[Source data]
═══

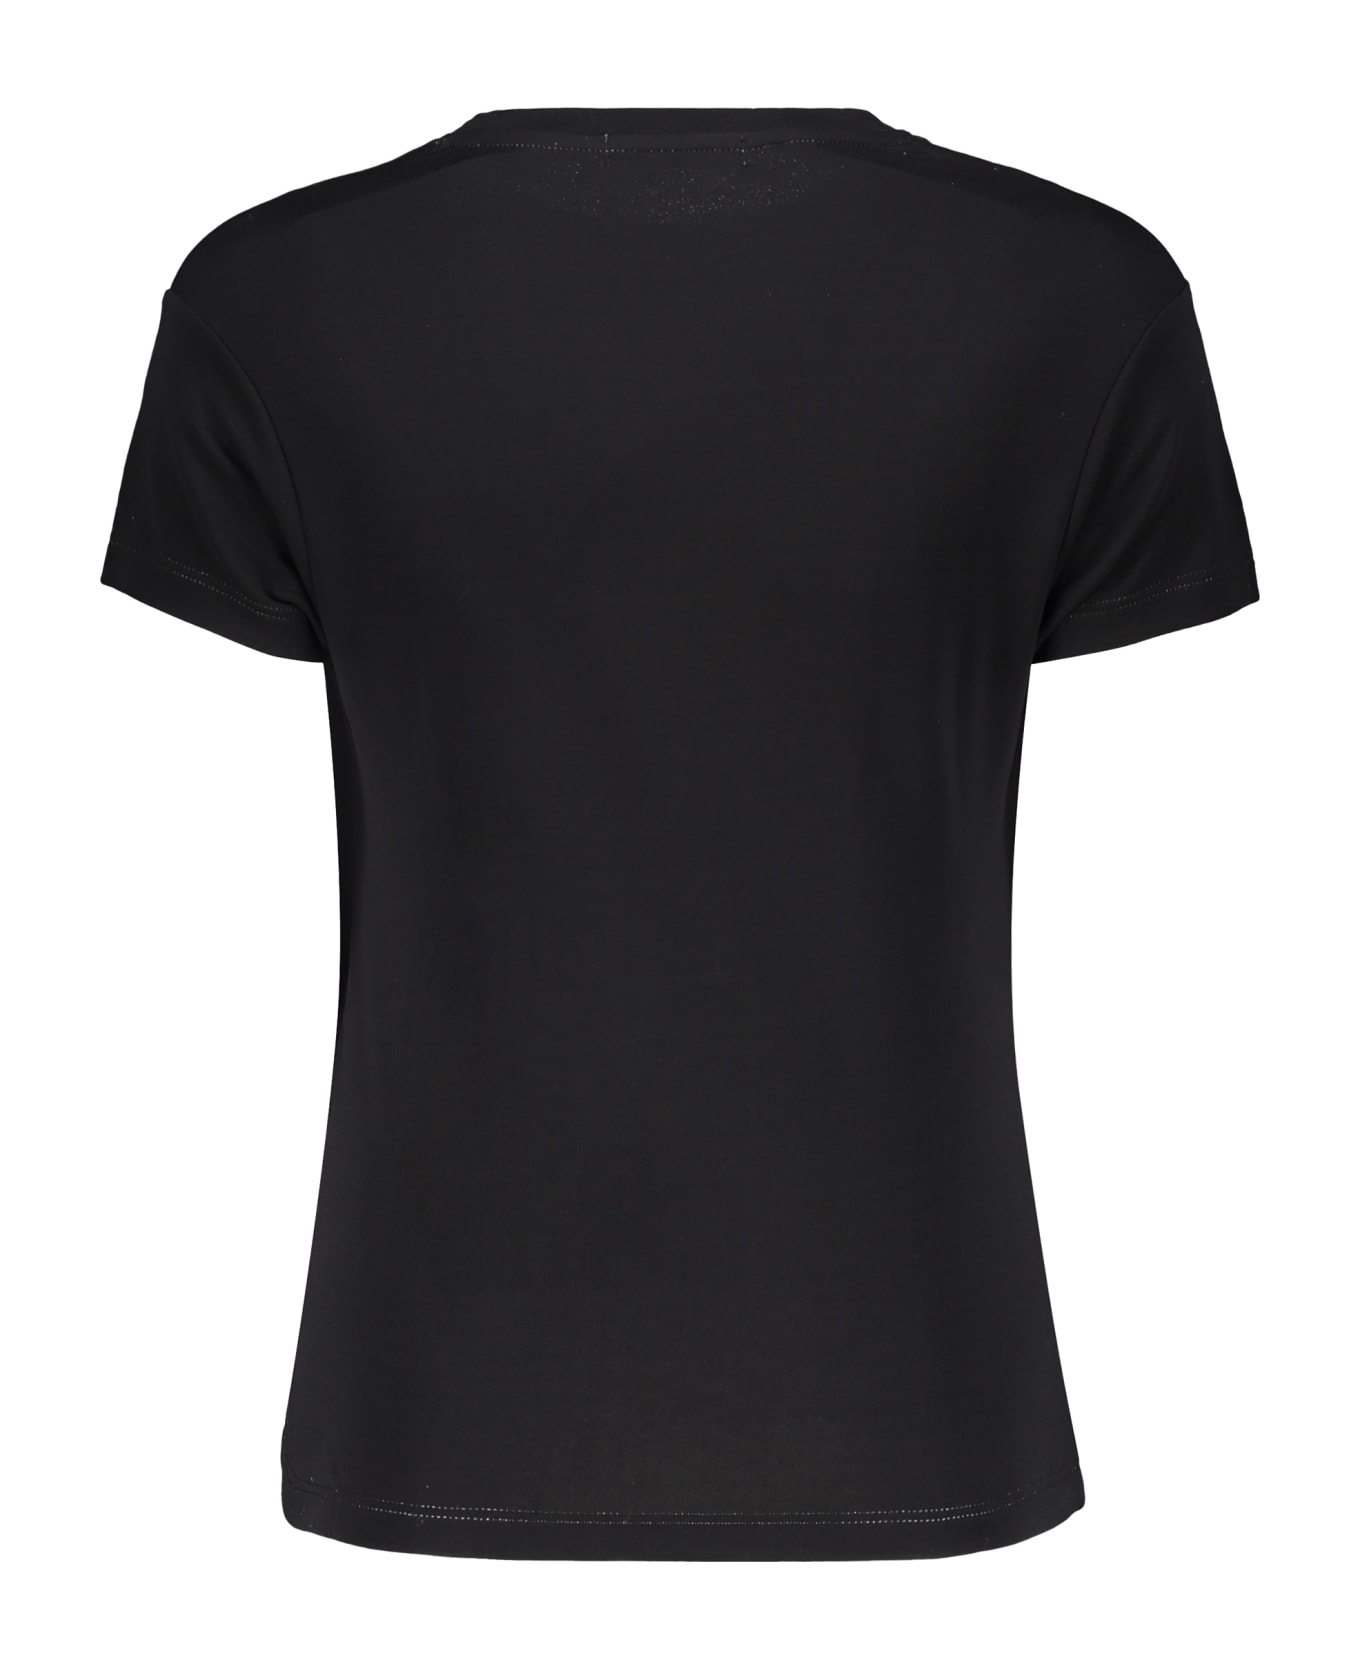 AMBUSH Viscose T-shirt - black Tシャツ
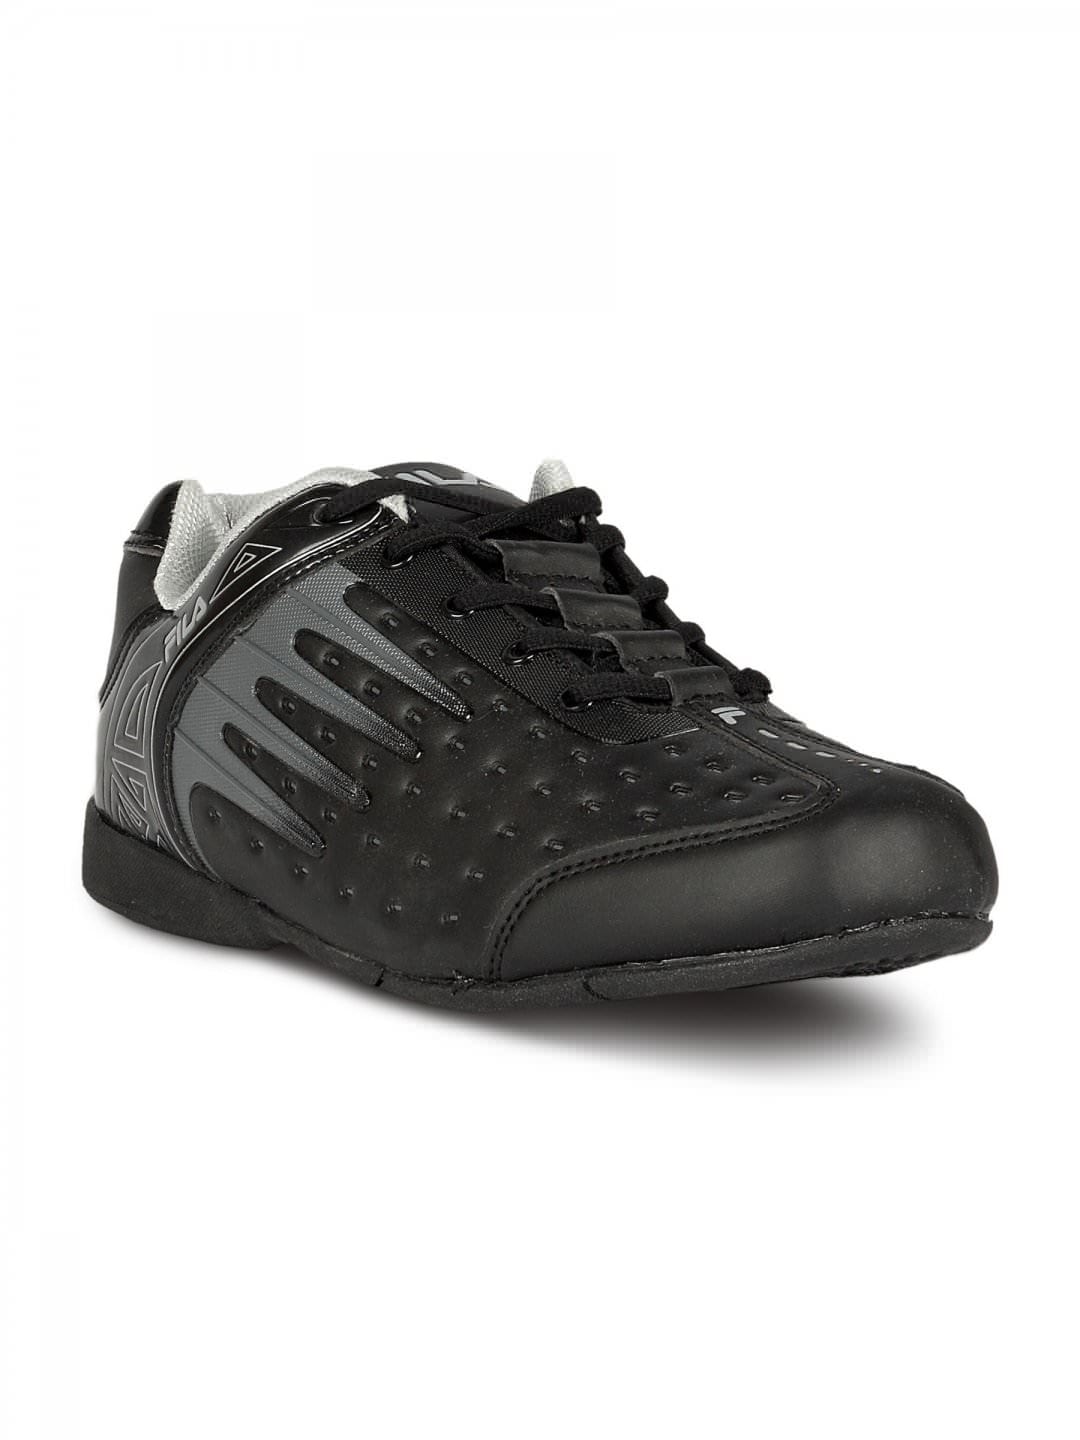 Fila Men's Batec Black Shoe
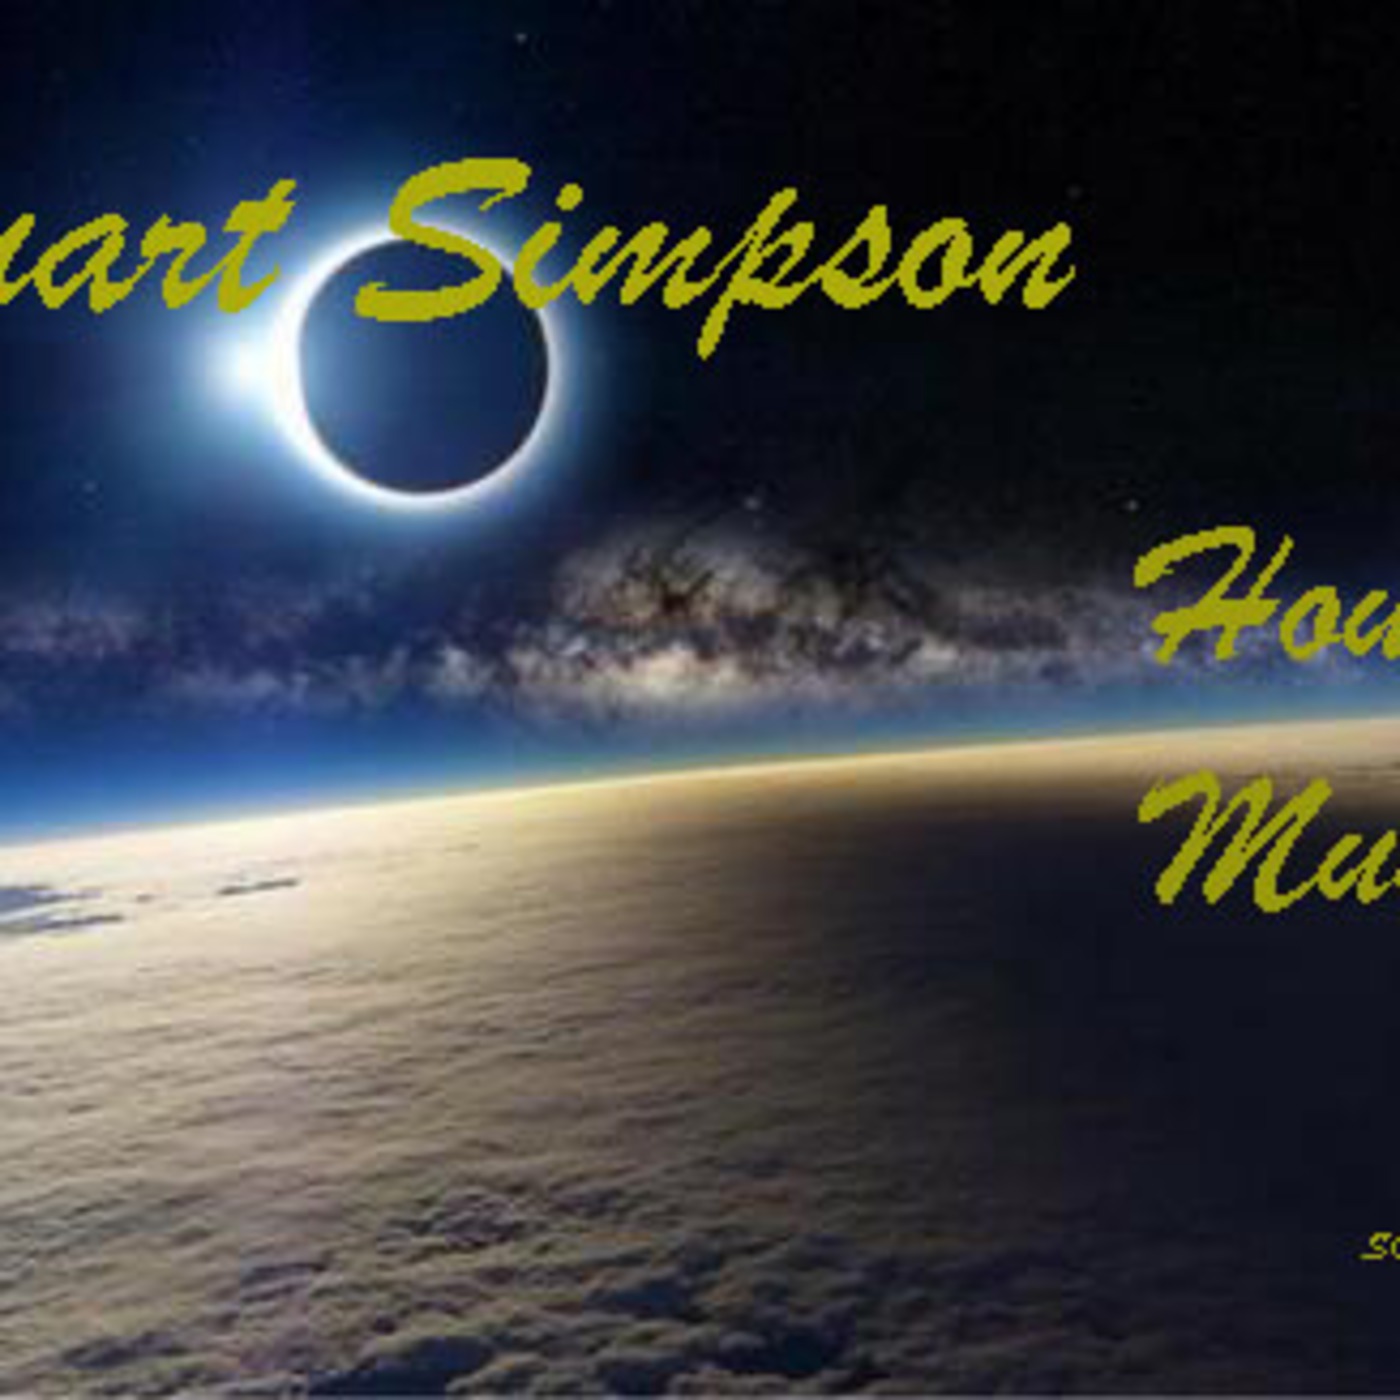 Stuart Simpson's House Music ep 1
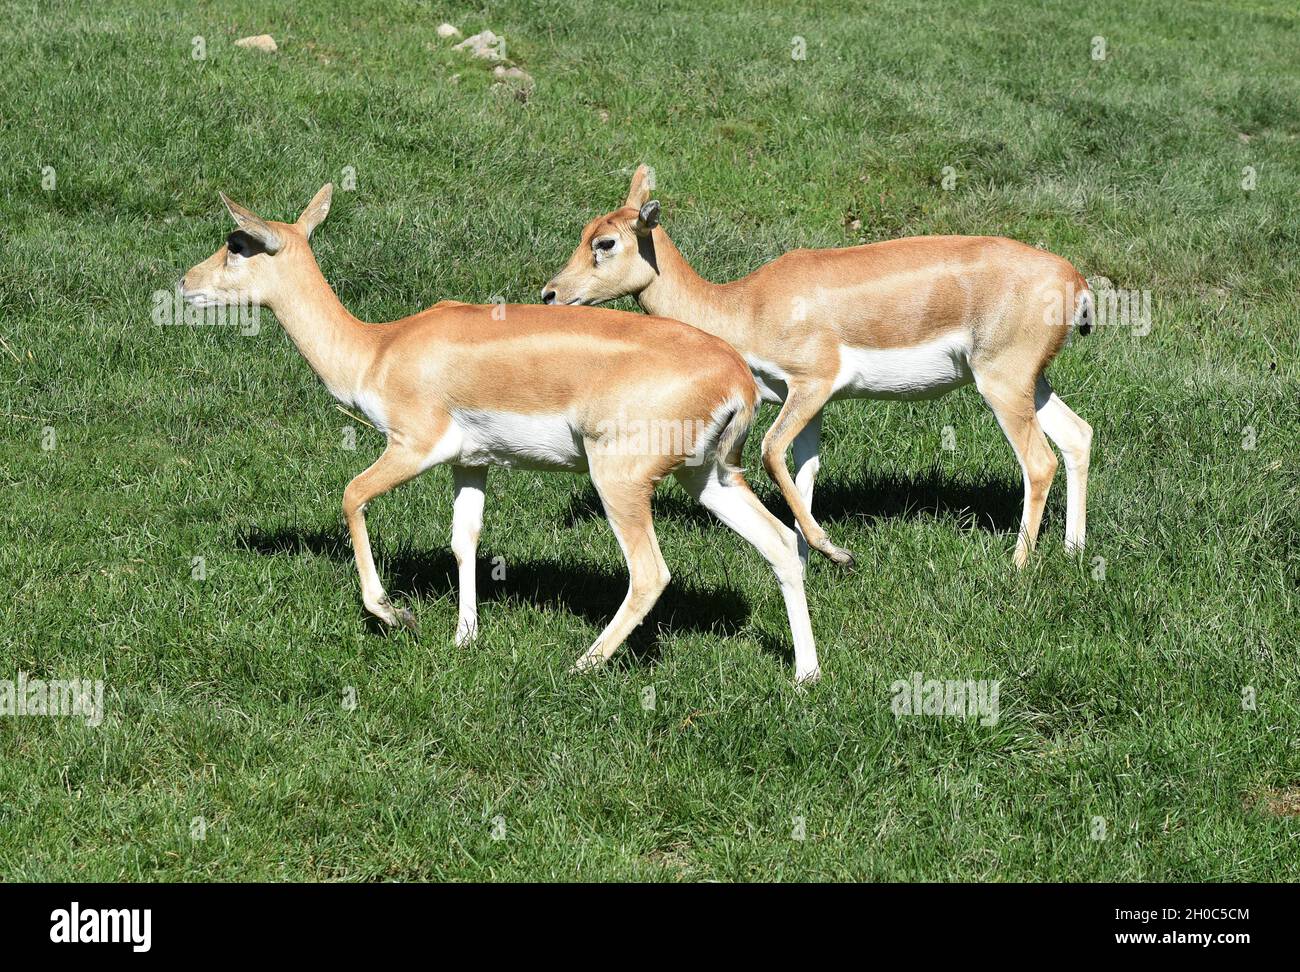 Hirschziegenantilope, Mammalia Ruminantia, ist eine Antilopenart in   Asien. Deer goat antelope, Mammalia ruminantia, is a species of antelope found i Stock Photo
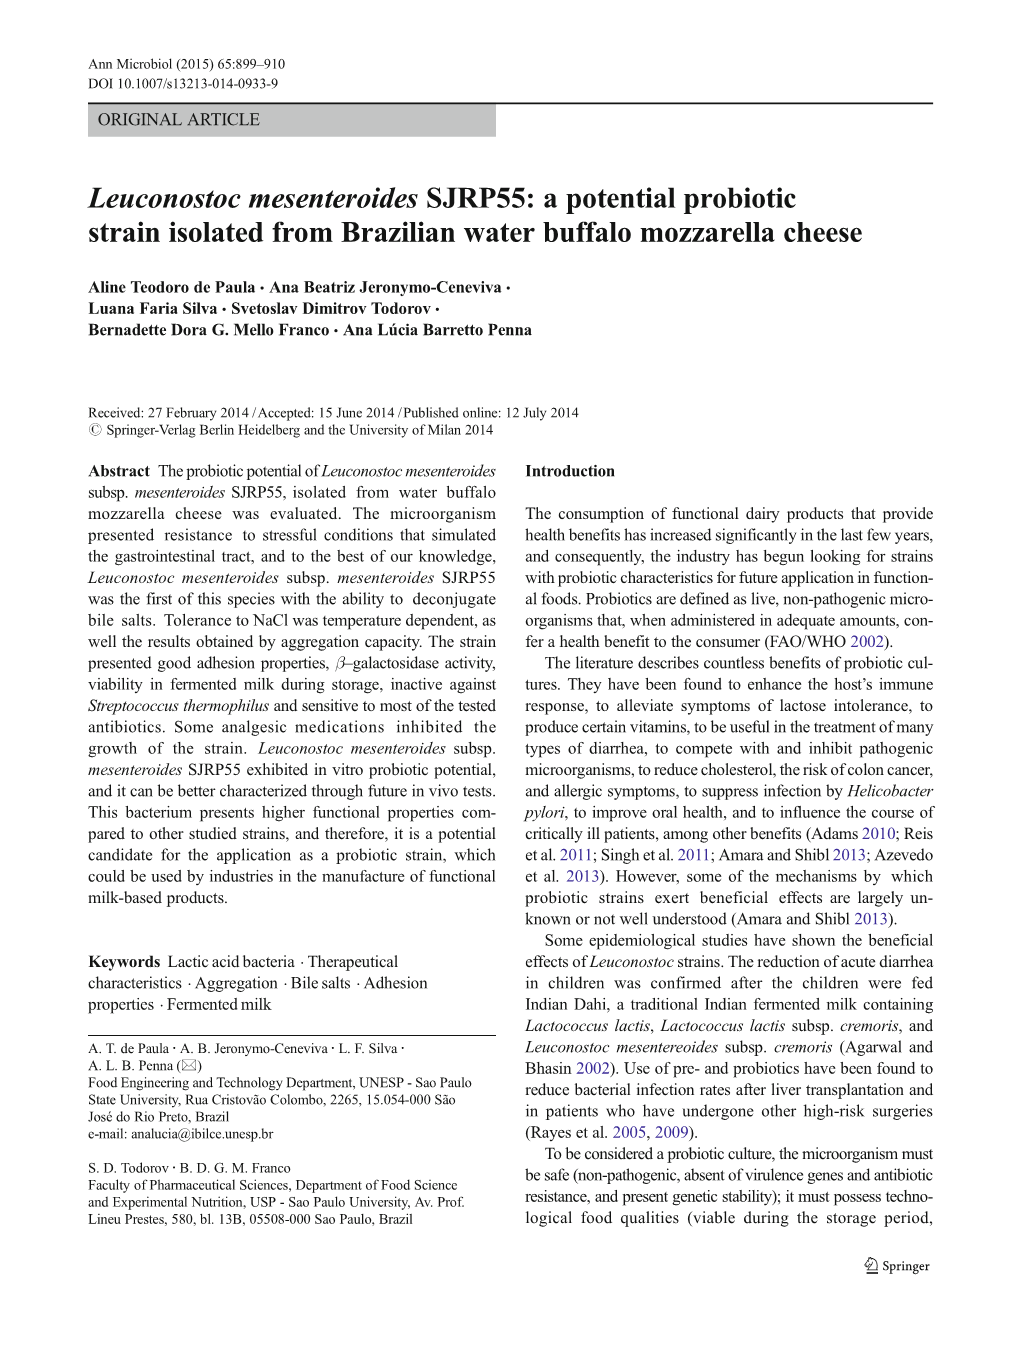 Leuconostoc Mesenteroides SJRP55: a Potential Probiotic Strain Isolated from Brazilian Water Buffalo Mozzarella Cheese

═══

Each entry above is to be written out again unchanged, apart from the pictures, which are left out.

 AMBUSH Viscose T-shirt - black Tシャツ
 Fila Men's Batec Black Shoe
 Stuart Simpson's House Music ep 1
 Hirschziegenantilope, Mammalia Ruminantia, ist eine Antilopenart in   Asien. Deer goat antelope, Mammalia ruminantia, is a species of antelope found i Stock Photo
 Leuconostoc Mesenteroides SJRP55: a Potential Probiotic Strain Isolated from Brazilian Water Buffalo Mozzarella Cheese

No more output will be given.